European Commissioner for Agriculture Janusz Wojciechowski has publicly disowned the decision taken by the EC to end the embargo on Ukrainian grain for five neighbouring European Union states, three of which have decided to continue the ban in defiance of the EC.
Wojciechowski’s efforts to persuade the EC to prolong the grain embargo on Ukraine failed and the EC announced just hours before the September 15 deadline that the ban had expired.
Justifying the decision, the EC said: “The market distortions in the five Member States bordering Ukraine have disappeared … as a result, it has been agreed that existing measures will expire today.” It also said that” trade policy is the exclusive competence of the EC”.
Three of the five EU Member States, Poland, Hungary and Slovakia (the other two are Romania and Bulgaria), that were allowed to stop Ukrainian grain entering their markets from May 2023 to September 15 are unilaterally defying’s EC’s decision to lift the embargo.
According to commercial Polish radio station RMF, unnamed sources in the EC are hinting that no action is likely to be taken against Poland or the other “rebel” states before the Polish general elections on October 15.
Reacting to the EC’s decision, Polish Prime Minister Mateusz Morawiecki, campaigning for his government’s re-election, adopted a tough stance saying his country is keeping the embargo regardless of the EC’s opposition.
“We will extend the ban on the import of Ukrainian grain. We will not listen to Berlin or von der Leyen, Donald Tusk or Manfred Weber. We will do it because it is in the interest of Polish farmers,” he said.
Wojciechowski publicly challenged the EC decision. He told Polish public radio on September 16 that the failure to extend the embargo posed a “threat to once again destabilise the markets in those nations, possibly other nations too, and could have negative effects for Ukraine itself”.
He complained that extending the ban was never put before the College of the Commissioners to be voted on. He also claimed that the grain embargo had stabilised the markets of the five EU Member States neighbouring Ukraine saying before the ban they had suffered from a huge influx of Ukrainian produce.

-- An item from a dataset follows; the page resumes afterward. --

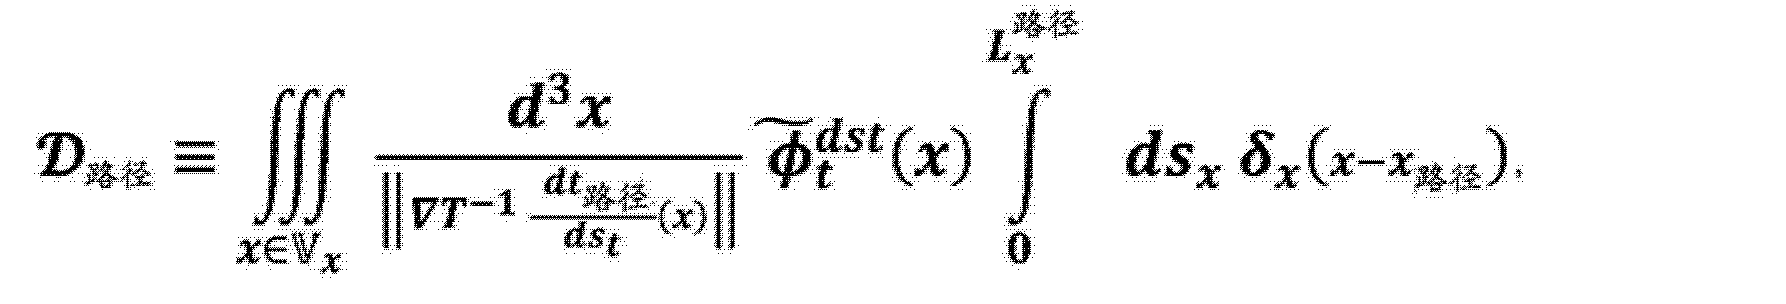 Figure CN104282036AD00362

Wojciechowski said he had unsuccessfully pressed the EC to assist with the transit of Ukrainian grain with subsidies for its transportation through the Baltic and Mediterranean ports in a bid to make those routes economically viable.
He also argued that Ukraine had made a “mistake” by lobbying for the embargo to be lifted. He said it would “negatively affect its export capacity through the solidarity corridors” and that this may be because of “interests of speculators who want to maximise their profits by exporting to the nearest market”.
He added that he hoped the EC would soon re-examine the situation and reinstate the embargo.
Advisor to the Polish President Andrzej Duda and former agriculture minister Jan Krzysztof Ardanowski told Brussels Signal that he believed the EC was making an error by failing to understand differences between the Ukrainian agriculture sector and that of other EU countries.
“The EC doesn’t seem to get why we don’t want Ukrainian grain and food products. If we and other countries make ourselves dependent on Ukrainian produce we will undermine our agriculture and with it our food security,” Ardanowski said.
He also warned that Ukrainian agriculture is dominated by “huge farms with millions of hectares of top-quality soil owned or leased by multinational concerns. They use technologies which are not permitted in the EU and have access to cheap labour and energy”.
“In addition, because of their ties to Ukrainian oligarchs and politicians, they pay little or no tax in Ukraine. This is why their food products will always have a competitive edge on those produced in the EU,” he said.
Ardanowski added that Poland has to defend its own market and that although Ukraine’s “European aspirations” should be supported, Ukrainians must be willing to “reach out” to Poland and others with regards to agriculture.
Poland’s agriculture minister Robert Telus said Ukraine would have to make changes if it wanted to be a member of the EU. He hinted that Poland would push for a transitional period in which Ukrainian products would face restrictions, just as Polish workers had a transitional period before being able to enter the labour markets of most Member States.
But Ukraine’s response so far shows no sign of “reaching out”. Its President Volodymir Zelenskyy has thanked the EC President Urusla von der Leyne for keeping her word on lifting the ban and called upon Ukraine’s neighbouring EU states to accept the EC’s decision and the principles of the EU being a Single Market.
Ukraine’s trade representative Taras Kachka on September 18 said that his country will be suing Poland, Hungary and Slovakia, taking its case to the World Trade Organisation.